De 1924 a 1931, só se tem conhecimento da realização em nossa cidade dos seguintes jogos de volibol:

1º) Em 9.4.1925, no Valparaíso - Petropolitano, 3 x Tênis Clube de Petrópolis, 1.

2º) Em 16.4.1925, no Valparaíso - Petropolitano, 3 x Tênis Clube de Petrópolis, 1.

3º) Em 21.4.1929, no Valparaíso - Oficiais do 1º B. C. x Moças do Petropolitano (demonstração)

4º - Em 1929, no Colégio Plínio Leite - Petropolitano, 2 x Colégio Plínio Leite, 0 (Equipes femininas)

Em 1932, entretanto, como aconteceu também com o basquete, foi oficializado o volibol pela Associação Petropolitana de Sports, presidida por Plínio Leite.

Os seis clubes inscritos no campeonato disputaram a 19 de abril daquele ano, na quadra do Tênis Clube, à av. 1º de Março, o primeiro Torneio Início de volibol. Serrano em primeiro e Internacional em segundo, foram os vencedores.

O primeiro campeonato da cidade disputado pelos clubes Serrano, Internacional, Petropolitano, Rio Branco, Cascatinha e Itamarati terminou empatado com Internacional e Petropolitano com igual número de pontos. Na melhor de três decisiva, o Internacional levou vantagem por 2x1, sagrando-se campeão.

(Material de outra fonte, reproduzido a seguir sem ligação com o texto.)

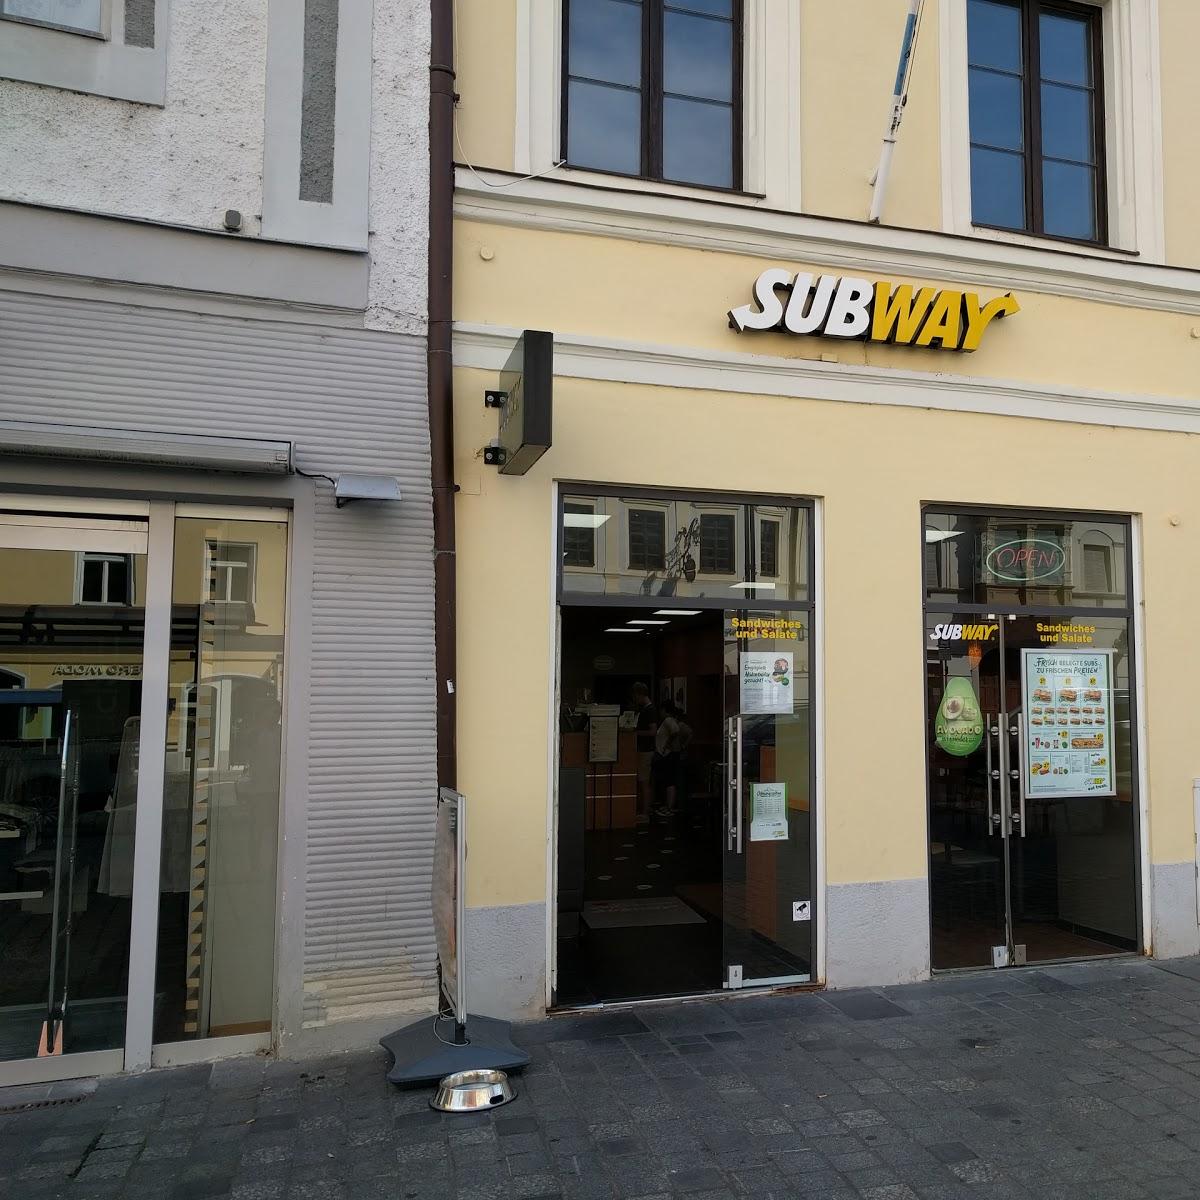 Restaurant "Subway" in  Straubing

A classificação dos clubes, nos oito anos em que os campeonatos tem sido realizados, é a seguinte: Efetivos, masculino: Petropolitano (1940. 1946. 1953. 1955) quatro vezes; Fidalgos da Cesta (1937/1939), três vezes; Internacional (1932. 1933), duas vezes; e Serrano (1954) uma vez - Reservas, masculino: Petropolitano (1954) e Serrano (1955) uma vez cada um - Feminino: Cruzeiro do Sul (1953) e Petropolitano (1954) uma vez cada um.

Na disputa do campeonato fluminense, Petrópolis logrou a vitoria em 1934, o primeiro realizado, e daí para cá nada mais conseguiu.